3) There appear to be two meanings of alphabetic in the Hyperspec, which
are not the same. The first is a graphic character with case, the
second is a designator for constituent characters which do not separate
tokens.
alphabetic n., adj. 1. adj. (of a character) being one of the standard
characters A through Z or a through z, or being any
implementation-defined character that has case, or being some other
graphic character defined by the implementation to be
alphabetic[1]. 2. a. n. one of several possible constituent traits of a
character. For details, see Section 2.1.4.1 (Constituent Characters) and
Section 2.2 (Reader Algorithm). b. adj. (of a character) being a
character that has syntax type constituent in the current readtable and
that has the constituent trait alphabetic[2a]. See Figure 2-8.

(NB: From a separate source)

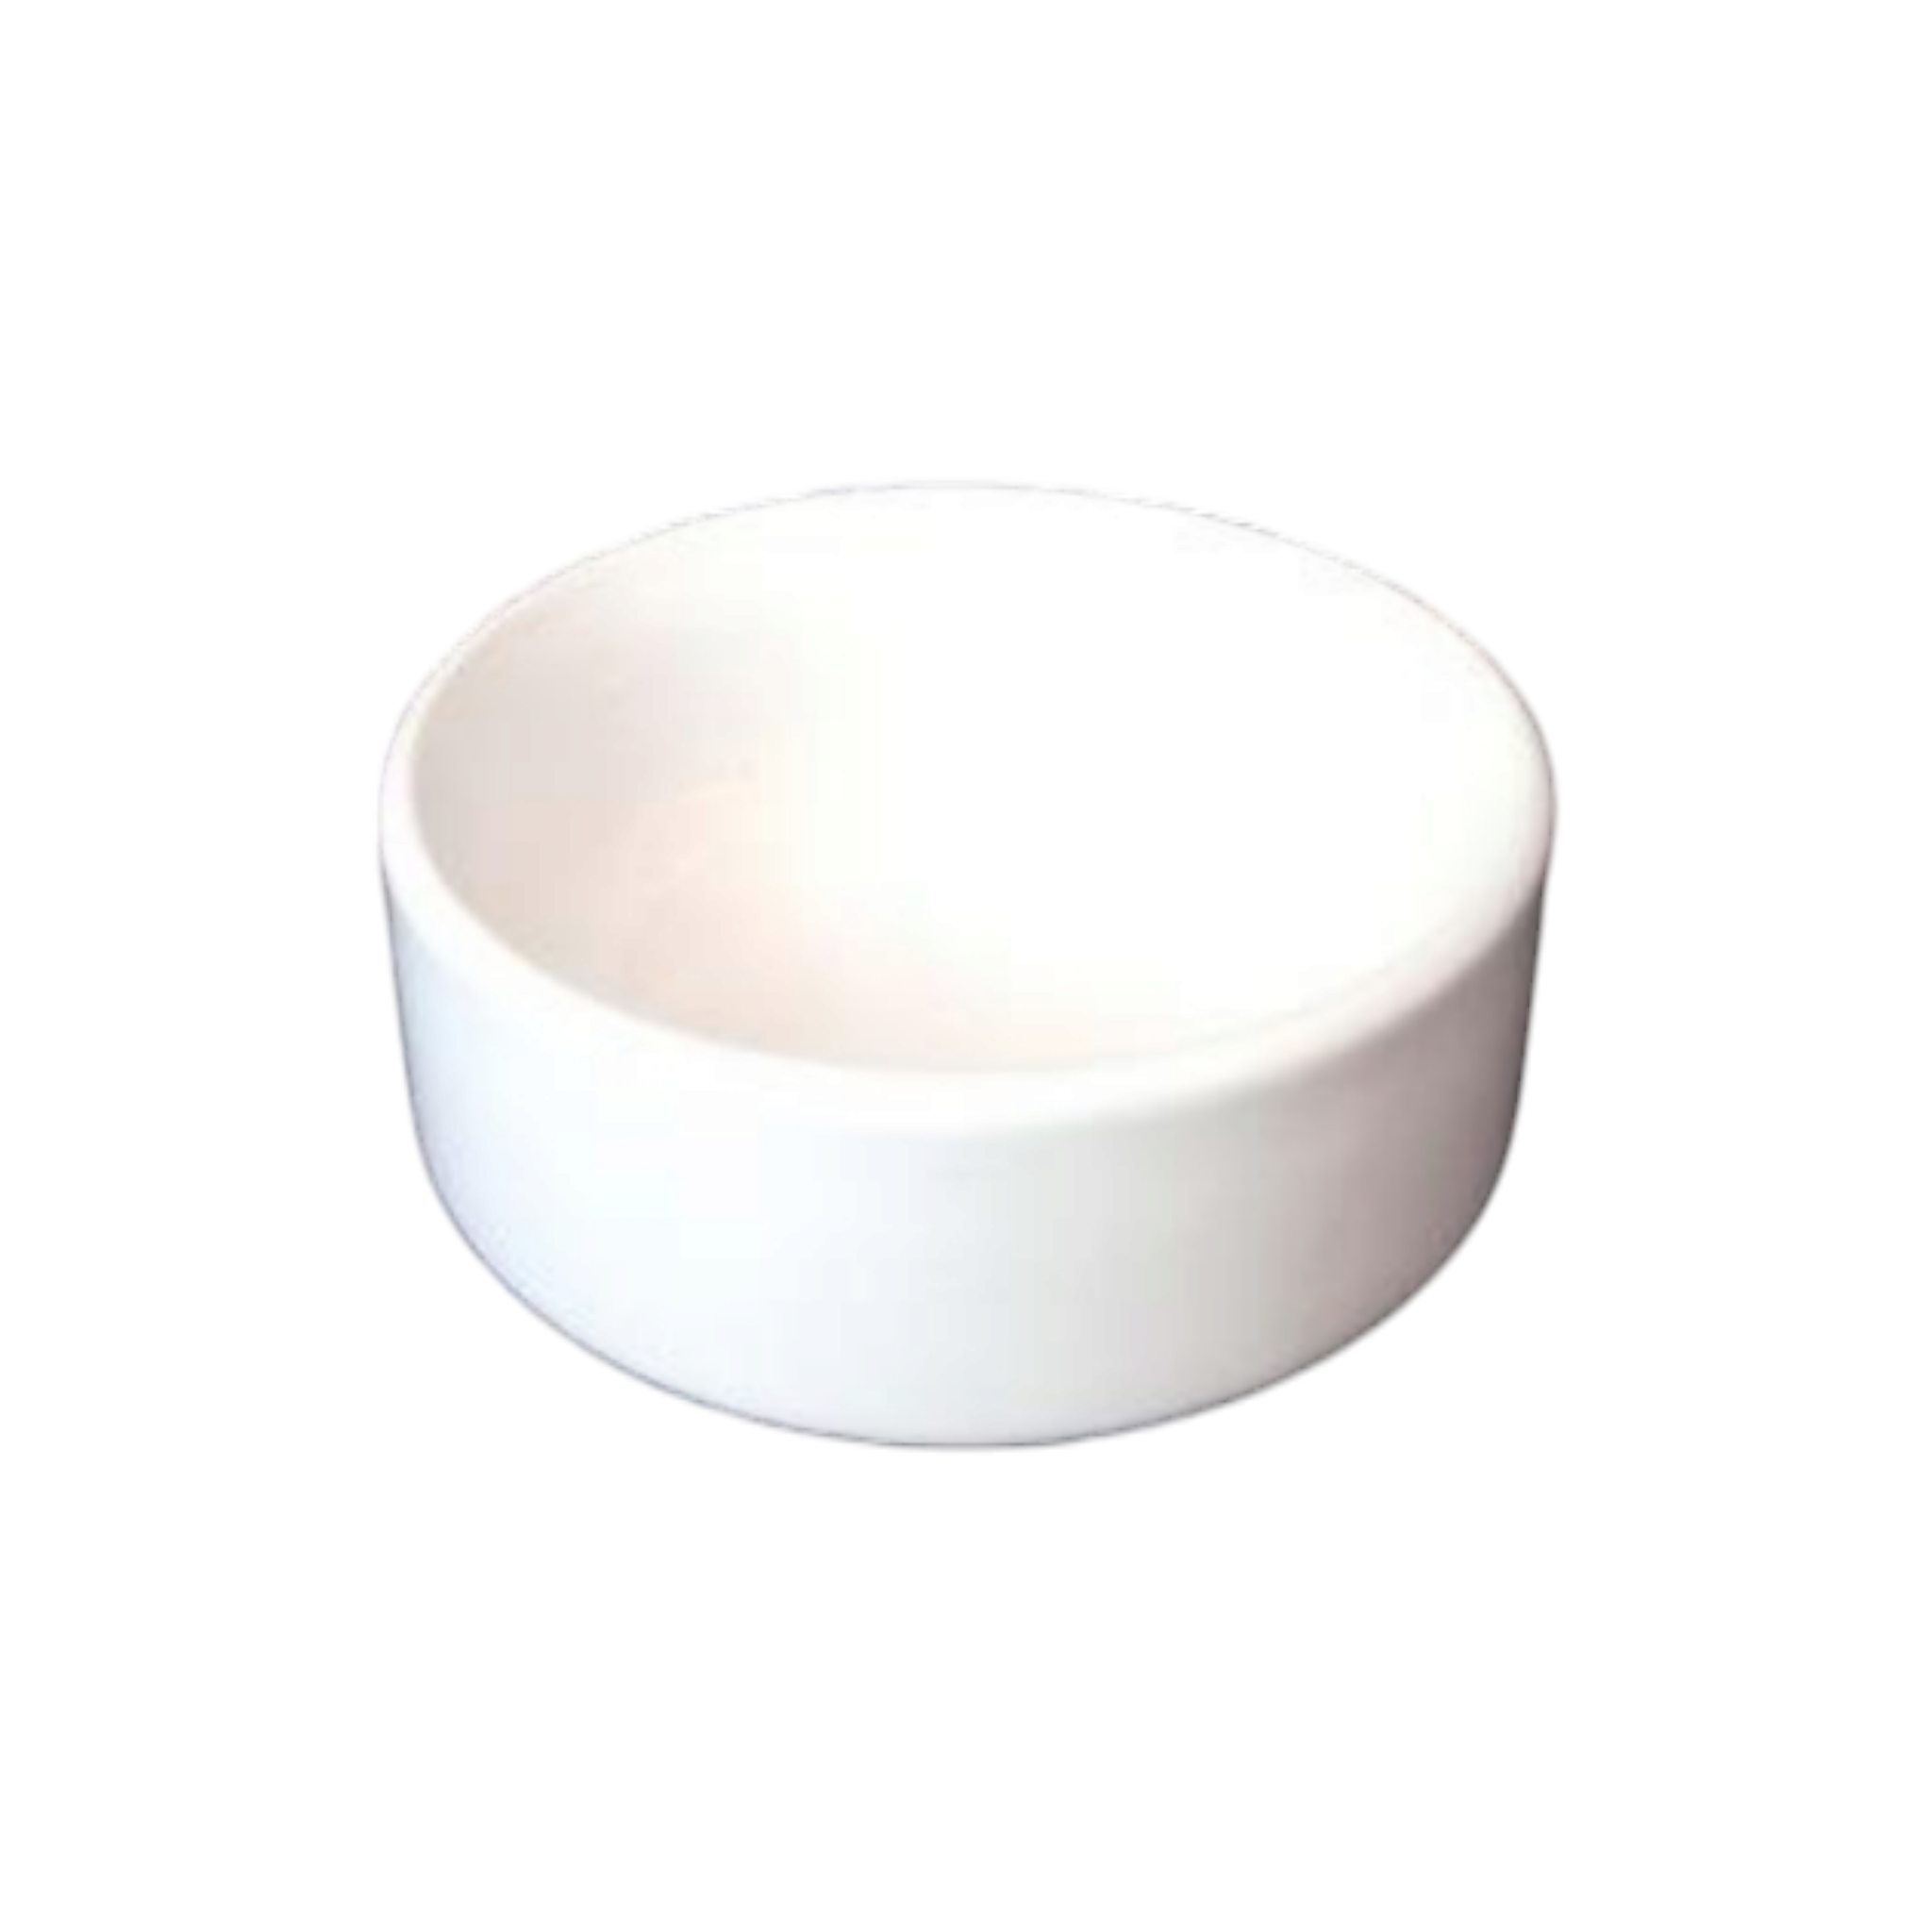 Ceramic White Cereal Bowl 4.5inch

Defining octets >=128 as alpha-char-p means they are not used as token
separators, at least in gcl's default reader. This makes sense for the
input of a pair of octets representing no-break-space, as presumably
this is a constituent character too. It does not make sense if one
assumes that there must be distinct octets for the pair in
no-break-space that correspond to the opposite case. So there appears
to be a bit of an ambiguity here. Are there any non-constituent unicode
codepoints in the non-ascii range? (Assuming yes, but probably not
important.)
4) I think a dominant consideration here are the forms of most probable
input and output. Files, terminals, even cut-paste from emacs buffers,
all transfer valid utf8 encoded byte sequences into GCL which then
intern, print, and string-compare correctly. Asking the unusual user
who might want to set strings directly via their unicode codepoints to
use a setf on unichar instead of aref, or better yet a unicode-char
which outputs a string for concatenation, seems a small price to pay.
Just thoughts...
Take care,
Raymond Toy <address@hidden> writes:
>>>>>> "Matt" == Matt Kaufmann <address@hidden> writes:
>
> Matt> I saw your question and was curious, so I looked into it a bit:
> >>> To your knowledge, is there any objection to defining alpha-char-p as
> >>> including code-char's >= 128?
>
> Matt> I see that SBCL 1.2.2 is OK with that, for example:
>
> Matt> * (code-char 232)
>
> Matt> #\LATIN_SMALL_LETTER_E_WITH_GRAVE
> Matt> * (alpha-char-p (code-char 232))
>
> Matt> T
> Matt> *
>
> Matt> In fact, that alpha-char-p call also returns T in (versions of)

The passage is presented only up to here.